## [ACTION ITEM]
Include the line containing "Rievocazione della scena" and every line after it up to the end of the material below; reproduce them exactly and drop the pictures.

## [INPUT DATA]
_ _ _

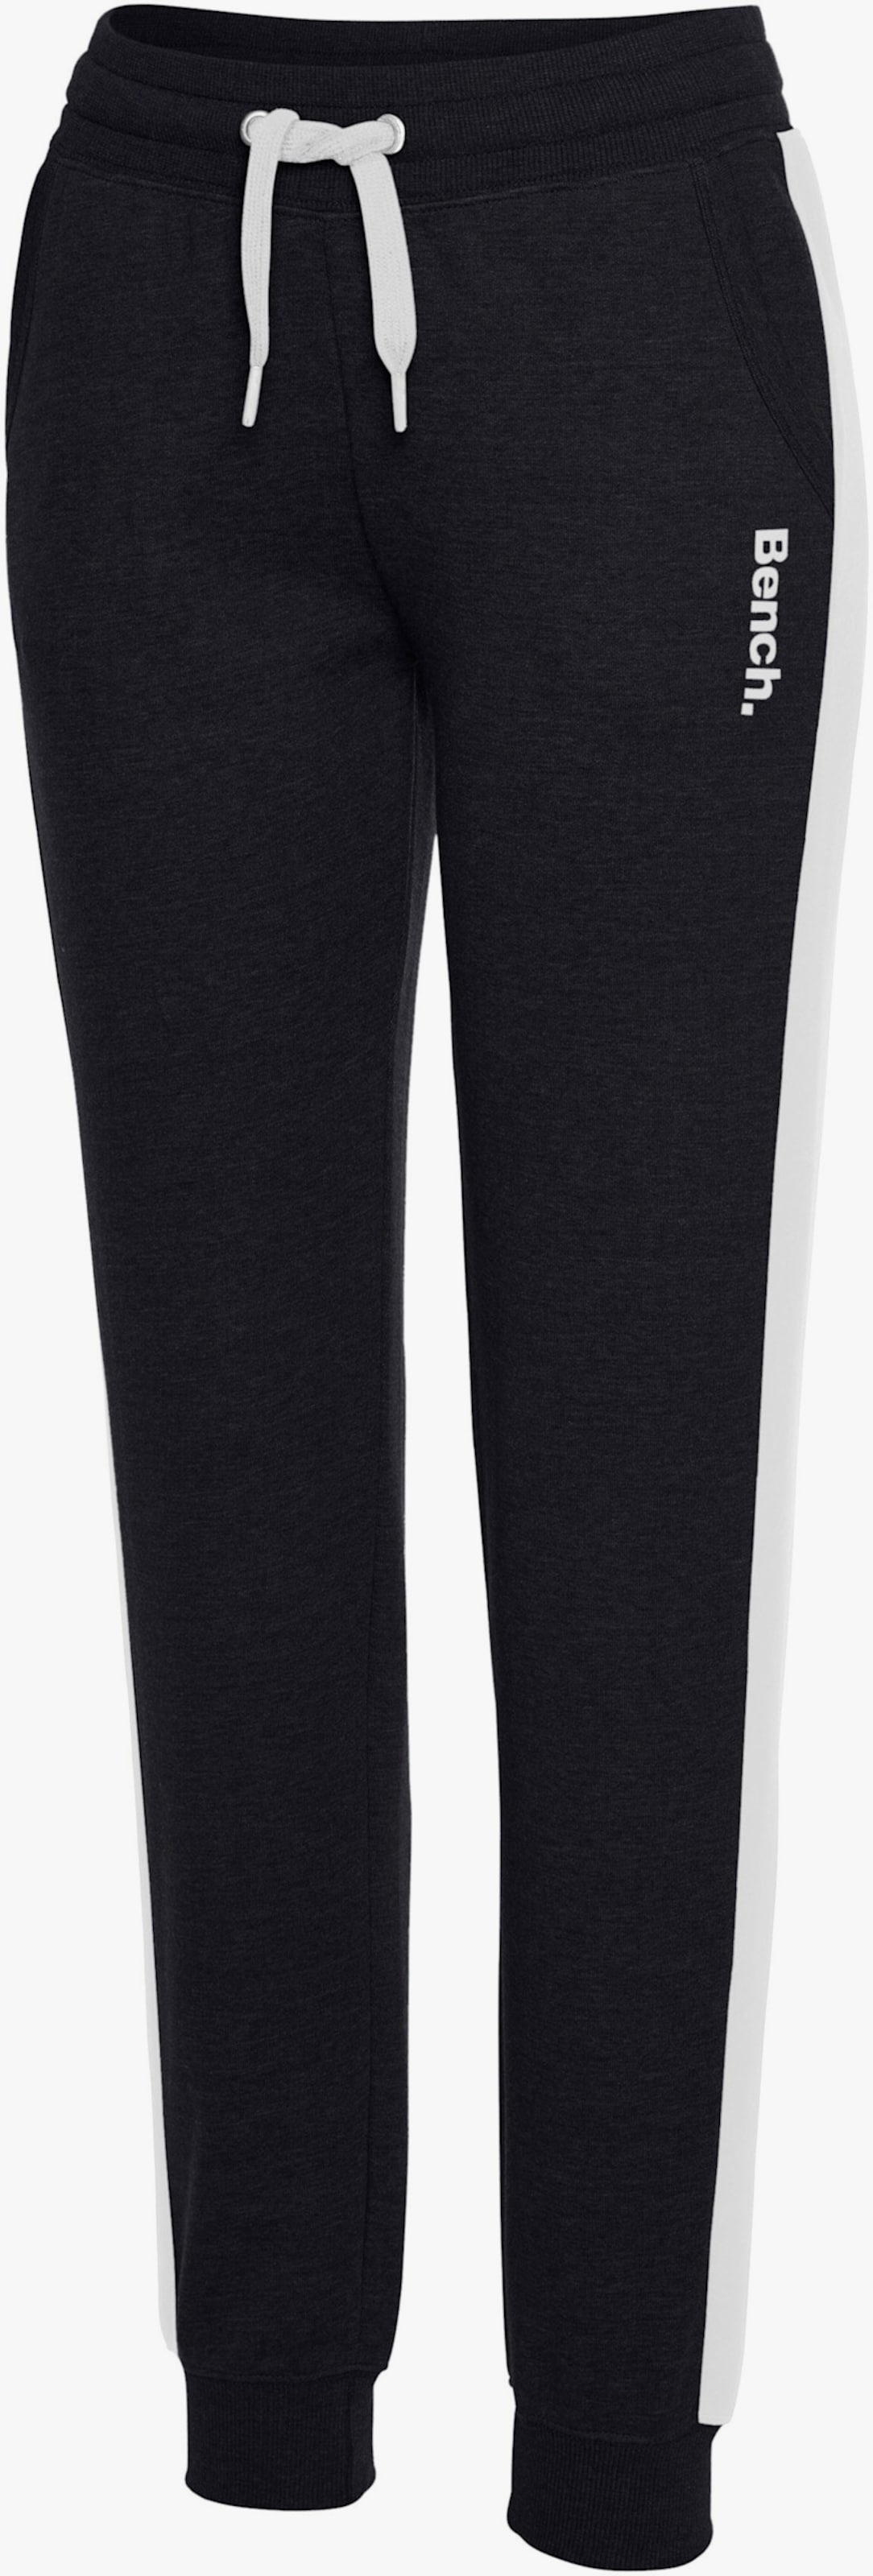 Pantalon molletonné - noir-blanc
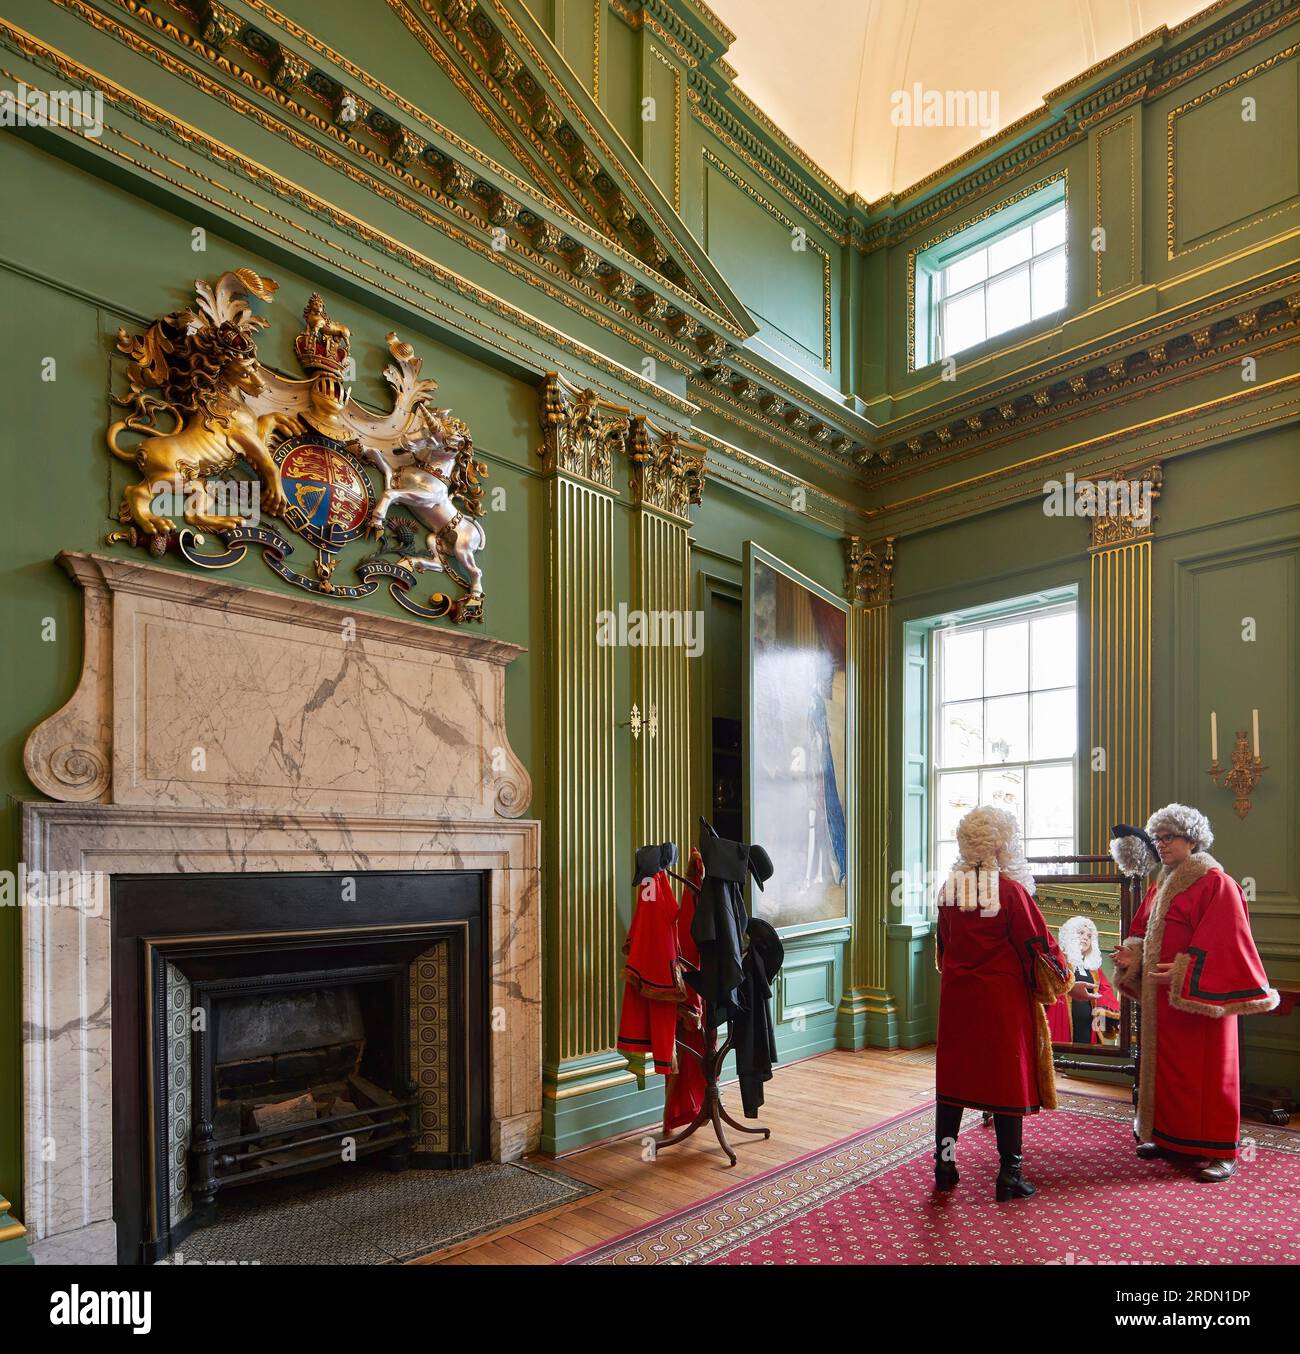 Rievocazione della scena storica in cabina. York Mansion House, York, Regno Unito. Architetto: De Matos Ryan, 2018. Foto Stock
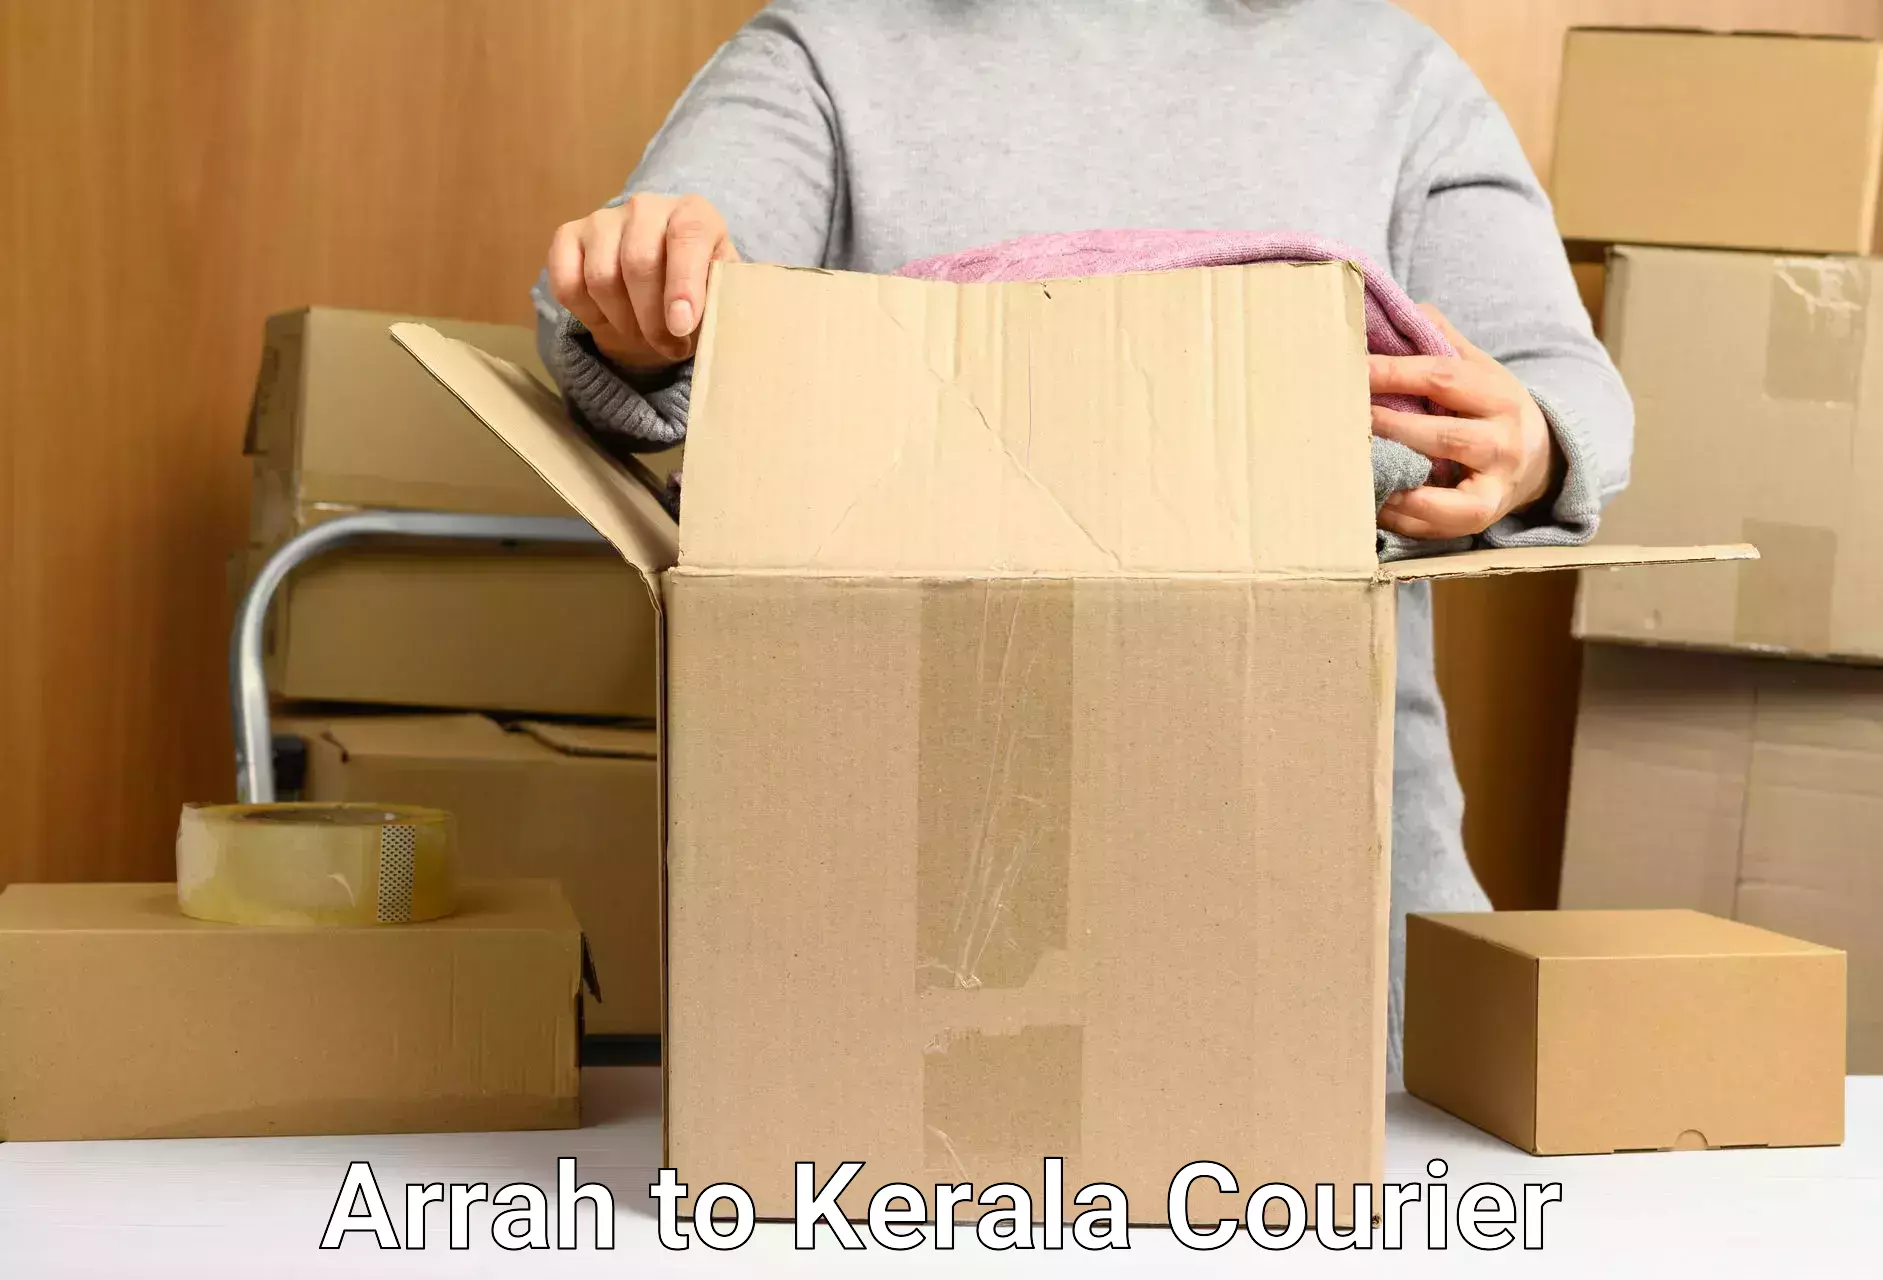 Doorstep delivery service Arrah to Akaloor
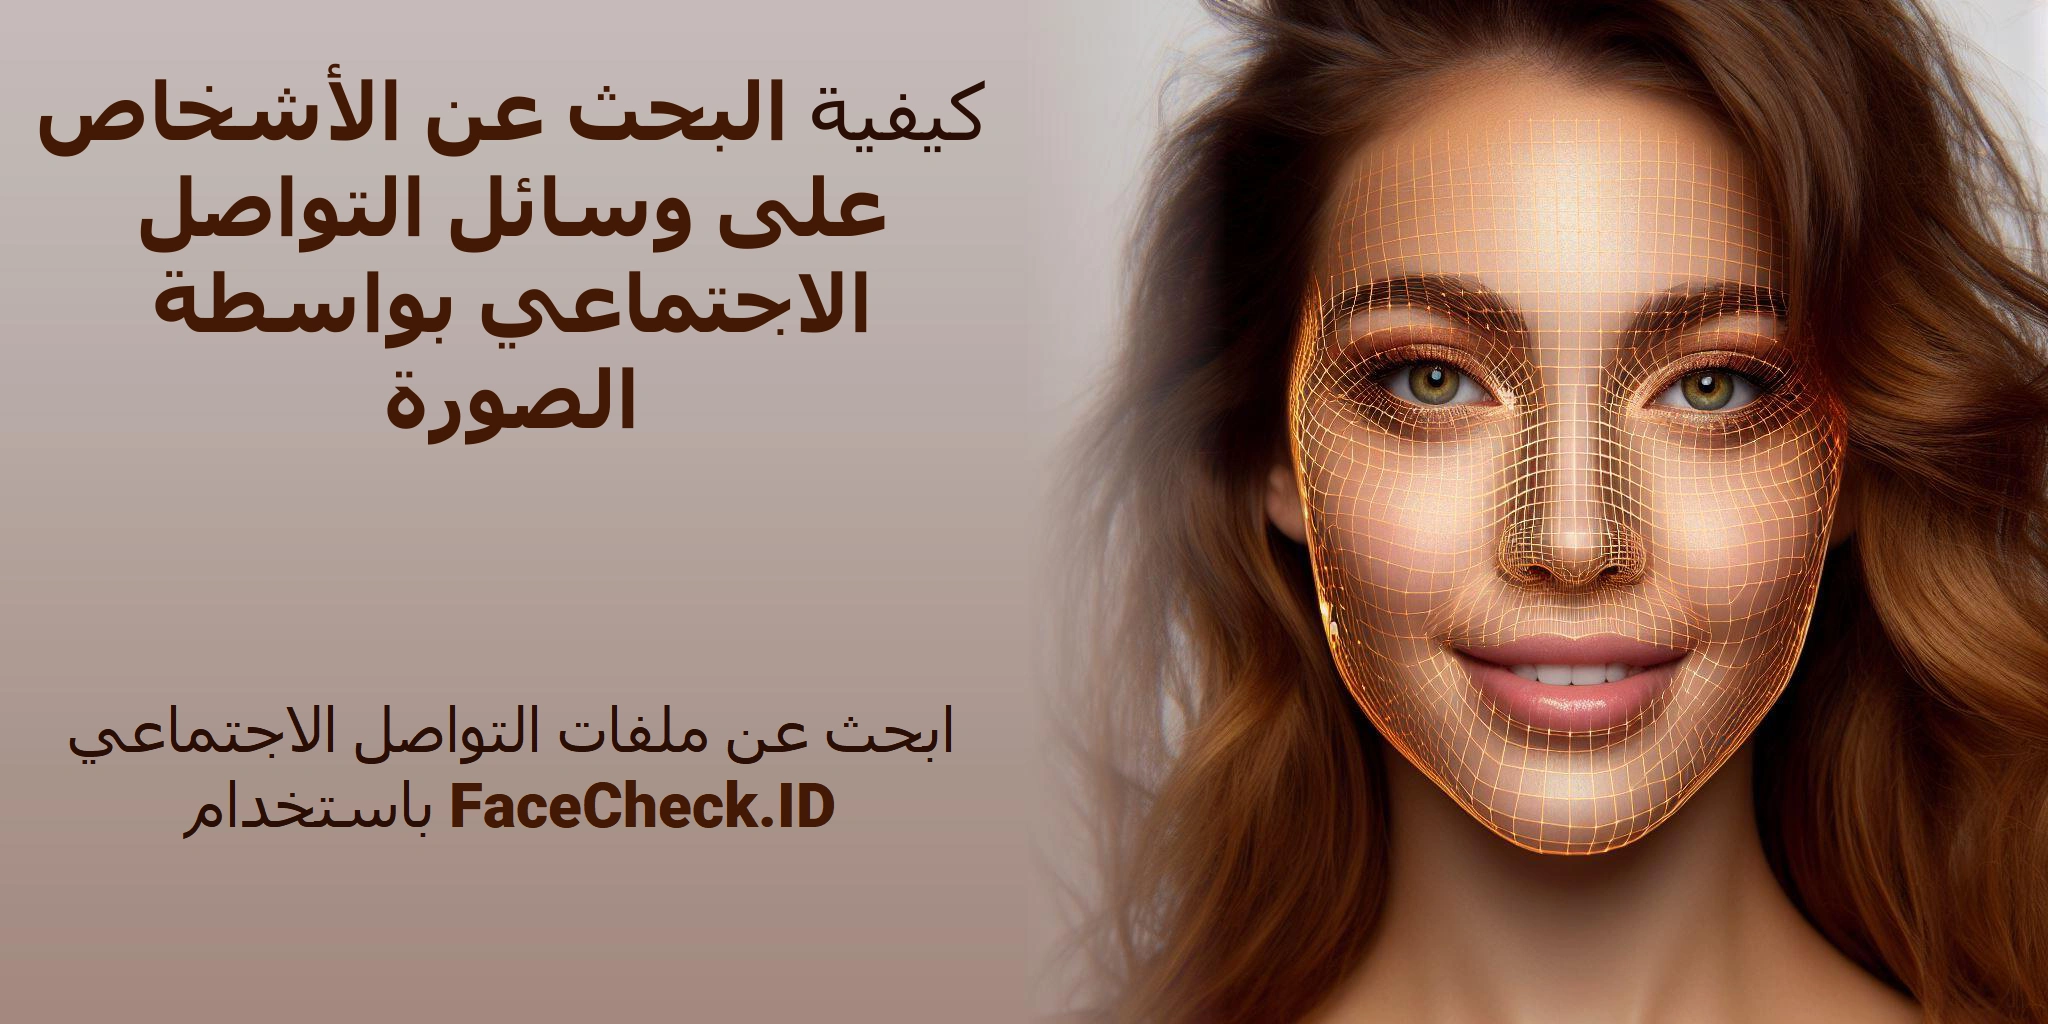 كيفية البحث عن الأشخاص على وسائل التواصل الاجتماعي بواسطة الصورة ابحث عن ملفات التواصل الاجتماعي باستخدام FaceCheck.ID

_ _ _

## [EXERCISE RESULT]
 Rievocazione della scena storica in cabina. York Mansion House, York, Regno Unito. Architetto: De Matos Ryan, 2018. Foto Stock
 Doorstep delivery service Arrah to Akaloor
 كيفية البحث عن الأشخاص على وسائل التواصل الاجتماعي بواسطة الصورة ابحث عن ملفات التواصل الاجتماعي باستخدام FaceCheck.ID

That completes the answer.